The simplest definition of a Heuristic is an optimistic guess as to how much it will cost to get from a certain node in a graph or tree to the goal state. This guess must be optimistic, meaning must always be less than or equal to the actual cost of traveling from the node to the goal. Negative heuristics are also not allowed because bad things could happen. Admissible heuristics estimate the cost of reaching the goal state in a search algorithm. The heuristic is used in the A* search evaluation function to determine the expansion order (or search order) of nodes in the graph. Admissible heuristics can be found be "loosening" the constraints of a problem in order to make easier generalizations about costs. They can also be precomputed as long as we know the set of all possible goal states. The most straightforward and geometric example of a heuristic computed by loosening the constraints of a problem would be the straight line distance between two cities on a map. From basic geometry it is known that the shortest distance between two points is a straight line, thus the lowest possible cost of traveling between the two points is at least the straight line distance. Knowing more about the problem enables you to come up with a heuristic that more closely models the problem.
For example, imagine that you live 100 miles away from work and you have a car that can travel 100 miles per hour. If path costs are representing the amount of time between two points it's obvious that one potential heuristic for the problem would be (distance / max speed). This would give a heuristic value of 1 to the starting node.

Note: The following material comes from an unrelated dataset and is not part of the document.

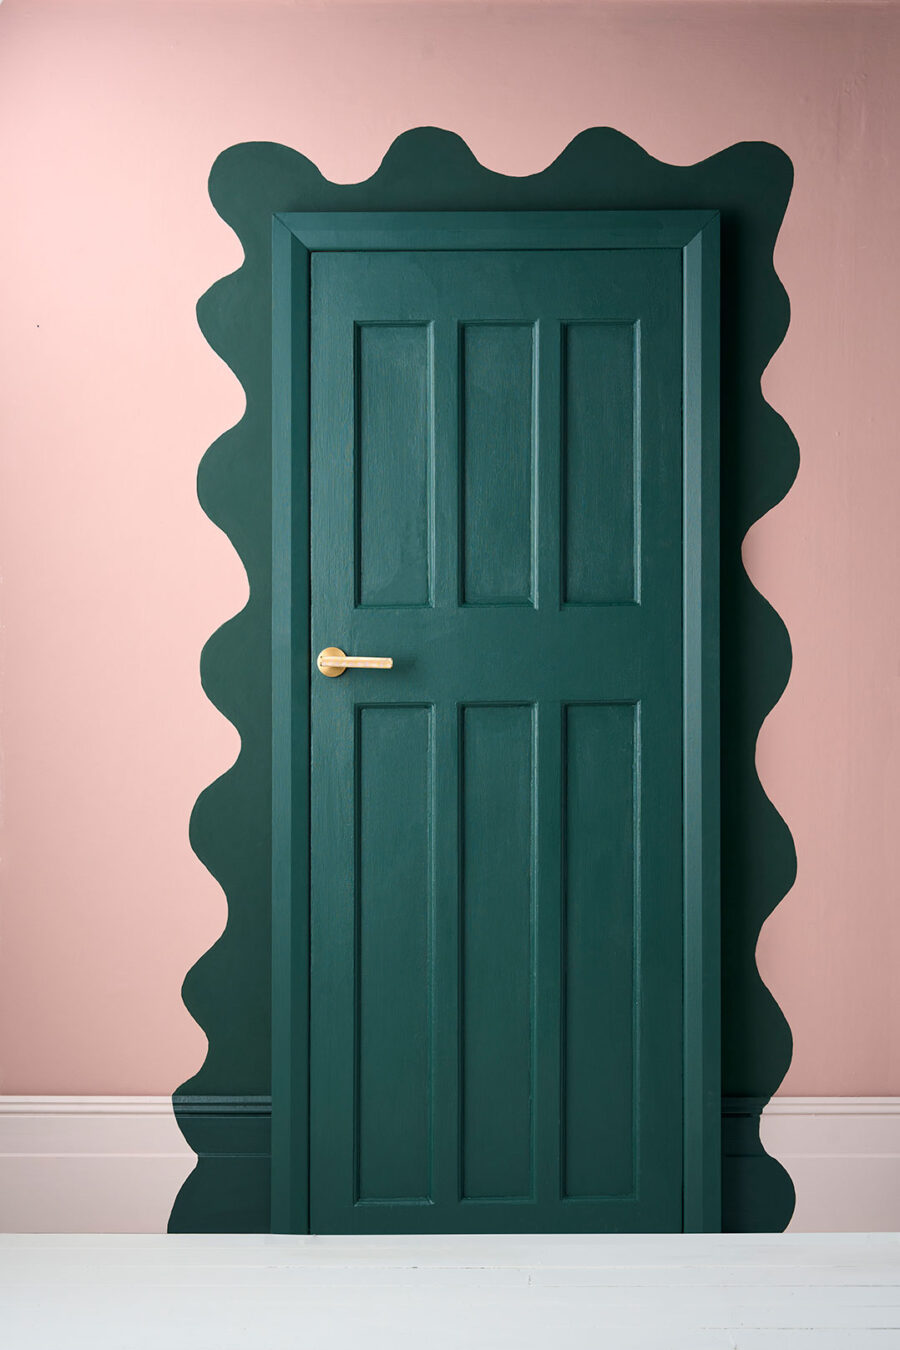 Chalk Paint - The Green Door

However we know from our experiences driving that there are speed limits and other laws that must (or at least should) be taken into account. A better and still admissible heuristic would use this additional information to help us compute more accurate estimates of the actual cost of traveling from a given node to the goal. For example, if we know that for the first 50 miles the speed limit is 50 miles per hour we know that the fastest we can possibly get to work is in 1.5 hours (traveling 50 miles per hour for 50 miles and 100 miles per hour for the rest).

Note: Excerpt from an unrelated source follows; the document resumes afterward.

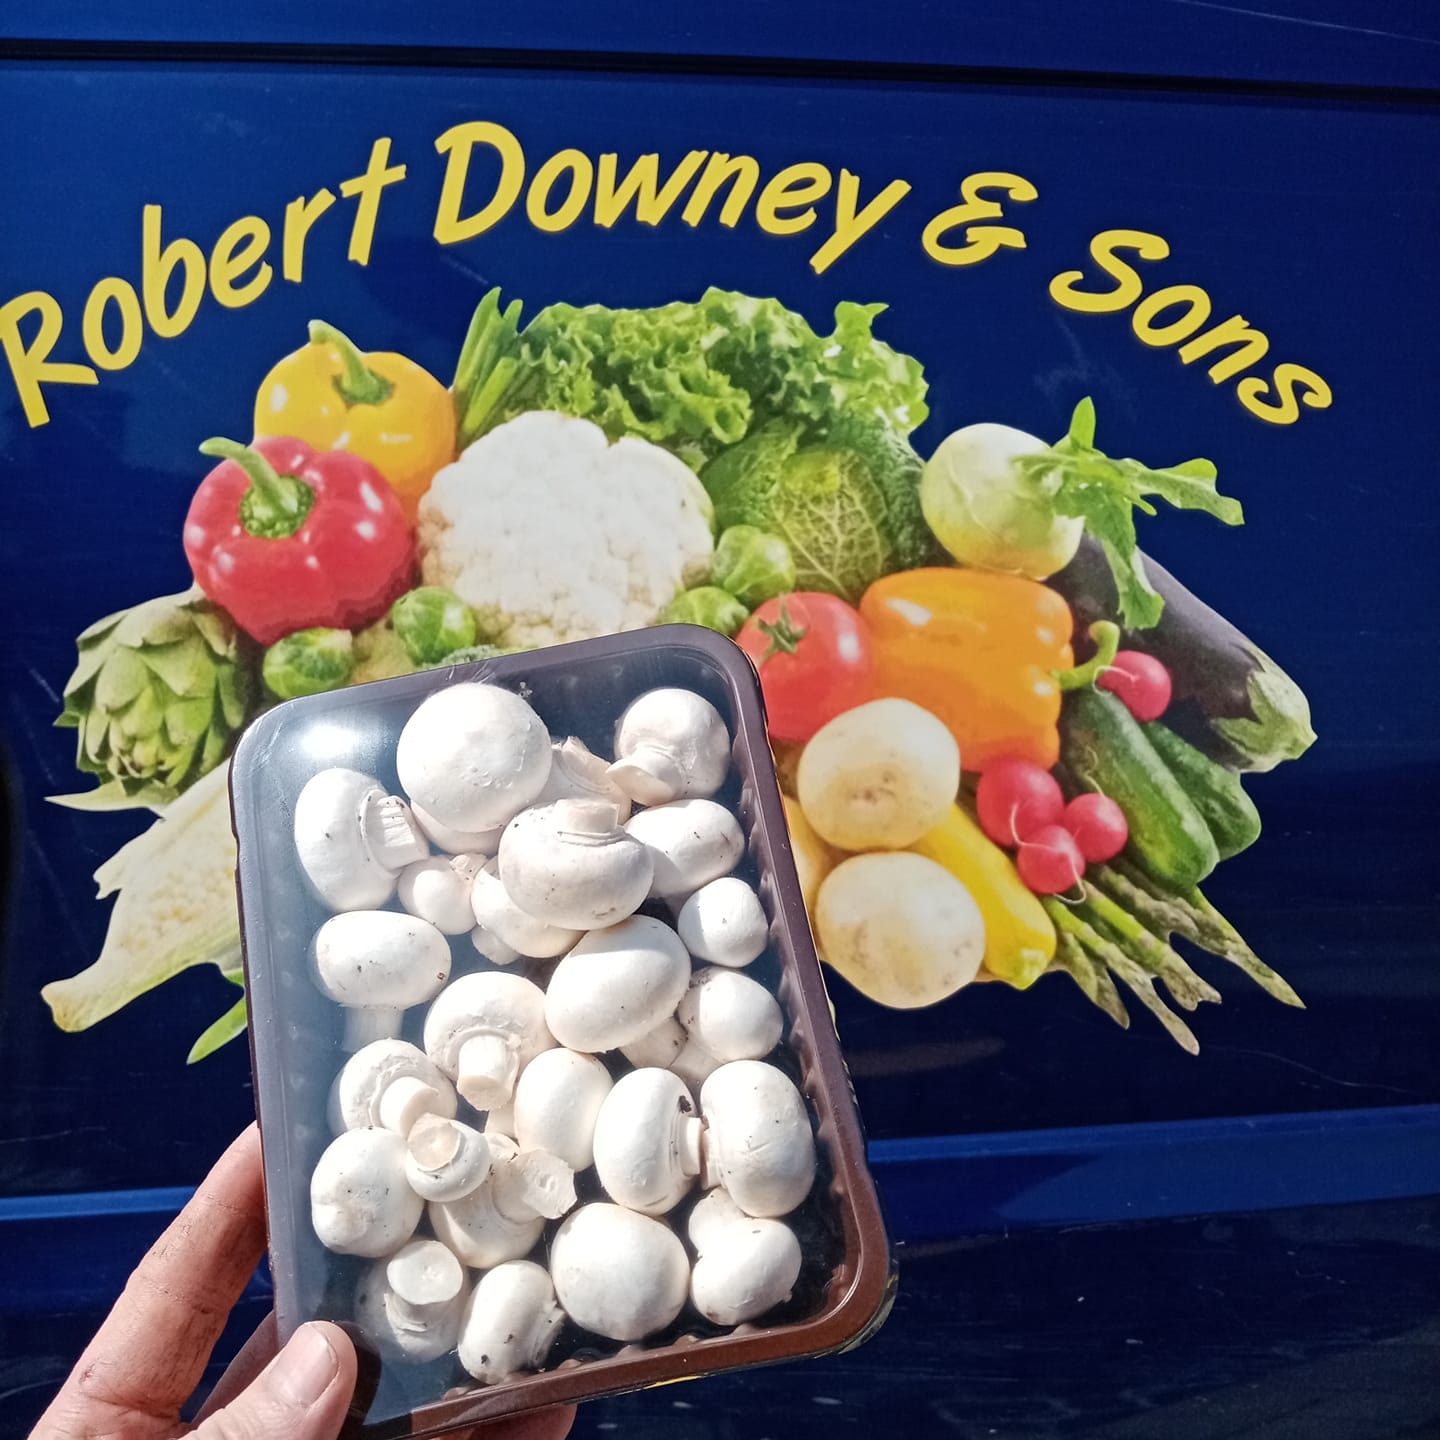 Robert Downey & Sons Fresh Fruit & Vegetables

Below is a graph with an admissible heurisic, the h values are the heuristic values for that node. Note how the heuristic values are always less than or equal to the shortest path to the goal node.

Finding an admissible heuristic is very important for using A* search, the better the heuristic the faster A* should be at finding an optimal path. Also, if a heuristic is inadmissible A* is not guaranteed to be optimal. However calculating a heuristic can be a bit of a double edges sword, because if the heuristic calculation is too computationally expensive it may result in a performance hit and slower performance than using an "inferior" heuristic. For example, a perfectly admissible heuristic for a graph search algorithm would be to find the shortest path from every node to the goal node using breadth first or UCS and use the actual cost as the heuristic. This would obviously be admissible but we would end up doing much more work than necessary.

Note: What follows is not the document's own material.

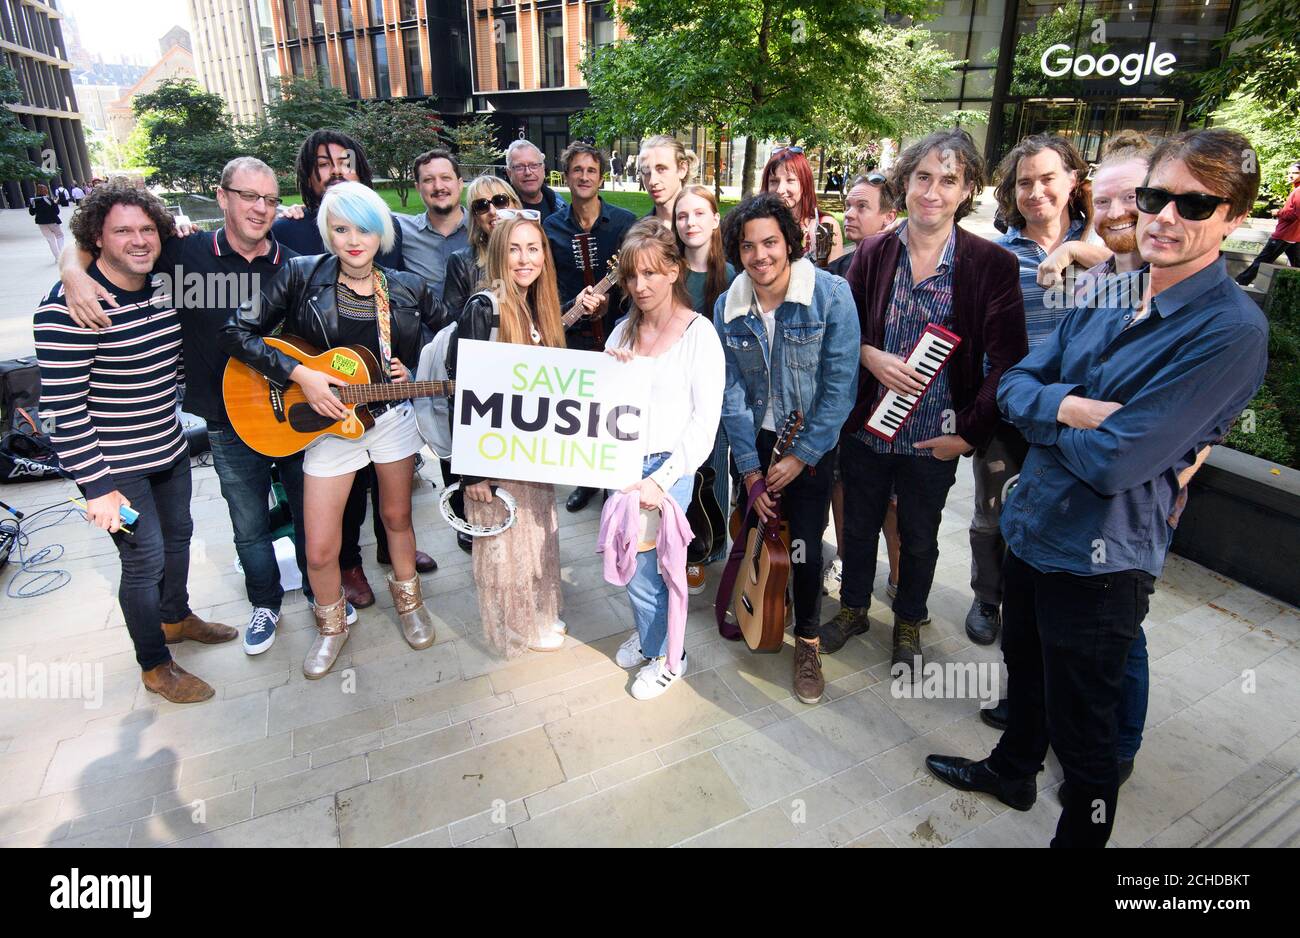 Im Rahmen der Kampagne #LoveMusic, die sich für die Aktualisierung des Urheberrechts durch die EU am 12. September einsetzt, versammeln sich Aktivisten vor den Büros von YouTube in Kings Cross, London. Stockfoto

Constructing a useful heuristic we can often use a trait of Dominance to essentially combine two heuristics. Suppose we have heuristic A which is very good (and admissible) at approximating long distances, but whenever we are closer than 10 units away it will always return zero. And suppose we have a heuristic B that is spot on when the goal is less than 10 units away but for anything further away it glitches out and returns zero. Using the max of these two heuristics would also be an admissible heuristic and often can produce good results. Often using two heuristics together in a new heuristic C = max(A,B) is greater than the sum of its parts. Also, the sum of its parts is not guaranteed to be admissible (lame joke).